'Orphan drug' could be new weapon to fight cancer
Washington: An inexpensive ‘orphan drug’, which is used to tackle sleep disorders, could be a potent inhibitor of cancer cells, a new study has suggested.
The study used groundbreaking technology, allowing rapid analysis of the genome and has been claimed to have broad implications for the development of safer, more-effective cancer therapies.
The team which included corresponding author Carla Grandori, M.D., Ph.D., an investigator in the Hutchinson Centre’s Human Biology
Division, used a high-speed robotic technology called ‘high-throughput screening’ and a powerful genetic technique called ‘siRNA’ gene silencing to uncover fatal weaknesses in cancer cells driven by an oncogene known as "Myc" .
"Myc" is known to be hyperactive in many cancers, including those of the brain, breast, lung, ovary and liver.
Traditionally, it has been considered an "undruggable" oncogene because it is not readily neutralized by the kind of small, stable molecule that would work as a cancer drug.
And even if such drugs existed, they would likely disable ‘Myc’ in normal cells as well, which would create toxic side effects.
"Fortunately, Myc-driven cancer cells have an Achilles heel," Grandori said.
"Their rapid growth and division damages their DNA, and they rely on other genes to repair that damage. Disabling those genes can
cripple the cancer`s ability to grow," she said.Grandori and colleagues have found more than 100 genes which, when blocked, caused the death of Myc-driven cancer cells but not normal cells.
This revealed that each of these genes is a potential target for a new, nontoxic cancer therapy.
One of these genes, CSNK 1 epsilon, is especially promising.
"It had been sitting on a shelf for years, like the thousands of other ``orphan`` drugs that are abandoned when they prove ineffective for their intended use," Grandori said.
With a simple, five-minute web search, she was able to purchase the compound online and designed an experiment to test its potential.
She implanted special laboratory mice with Myc-driven neuroblastomas (a deadly cancer of the nervous system that often strikes children), and then treated half of them with the new compound.
The untreated mice quickly died of their tumors, but the treated mice thrived and their neuroblastomas shrank away.

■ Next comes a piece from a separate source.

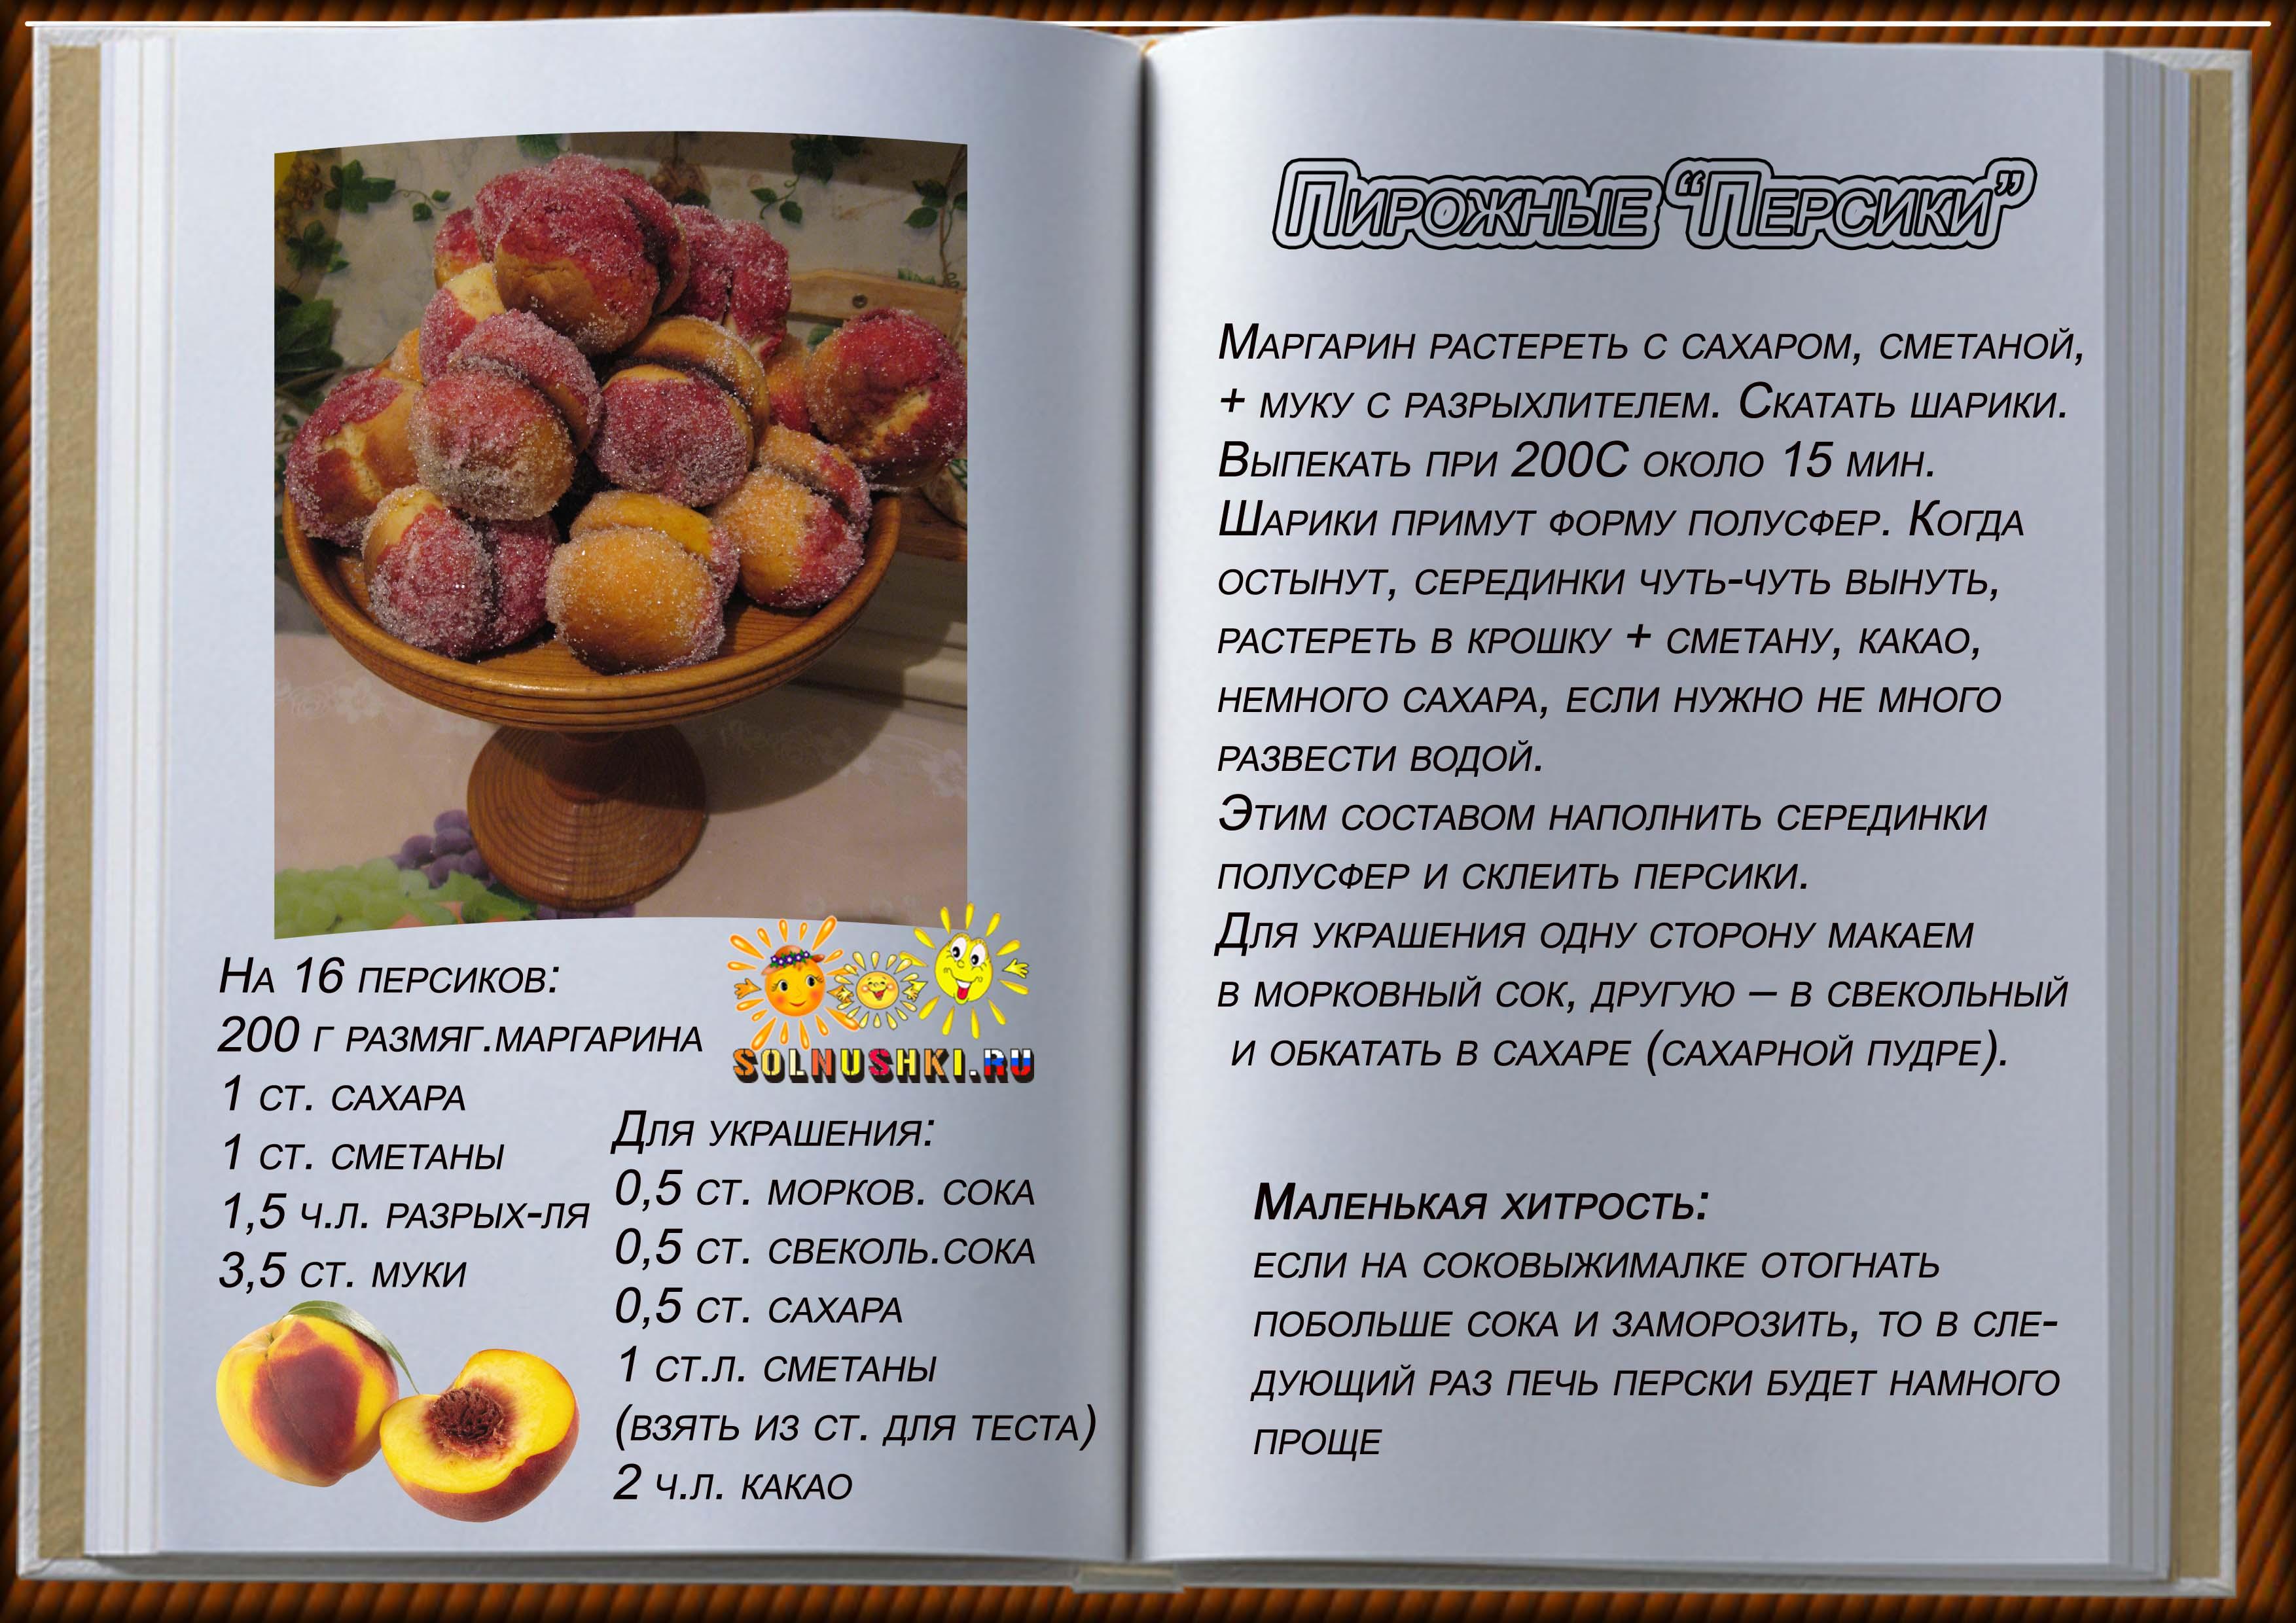 Сладкие блюда - Фото-рецепты пошагового приготовления 19

"It is possible that the next great breakthrough in cancer therapy is already out there, sitting on a shelf, hiding in plain view," said Grandori.
Grandori insists that the combination of high-throughput screening and siRNA silencing has the potential to radically change the way cancers are treated.

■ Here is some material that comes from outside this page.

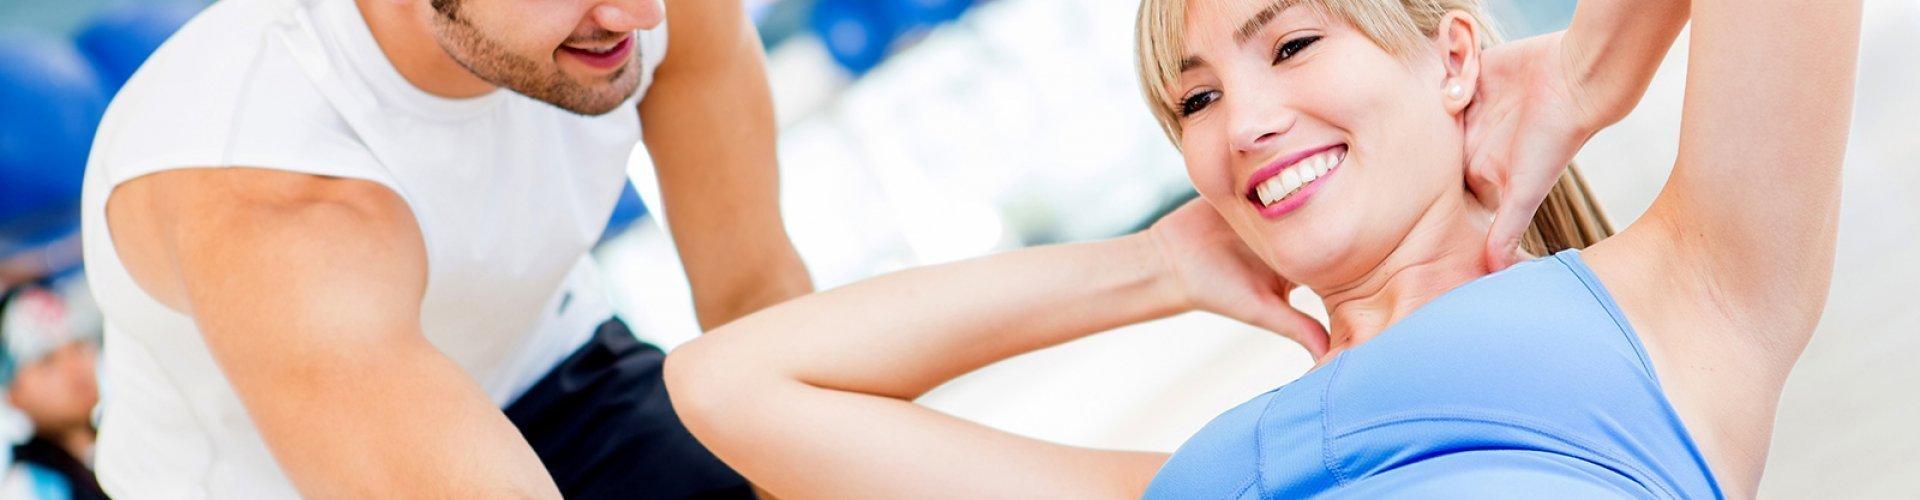 Pakiet Rehabilitacyjny z zabiegami bez limitów

"We`ve barely scratched the surface," she said.
"These techniques are incredibly powerful, but they`re new and not widely known. There are thousands of researchers who could apply
this approach to their work. In the right hands, it could speed up the development of new cancer therapies a thousand-fold," she added.
The study has been published in the Proceedings of the National Academy of Sciences.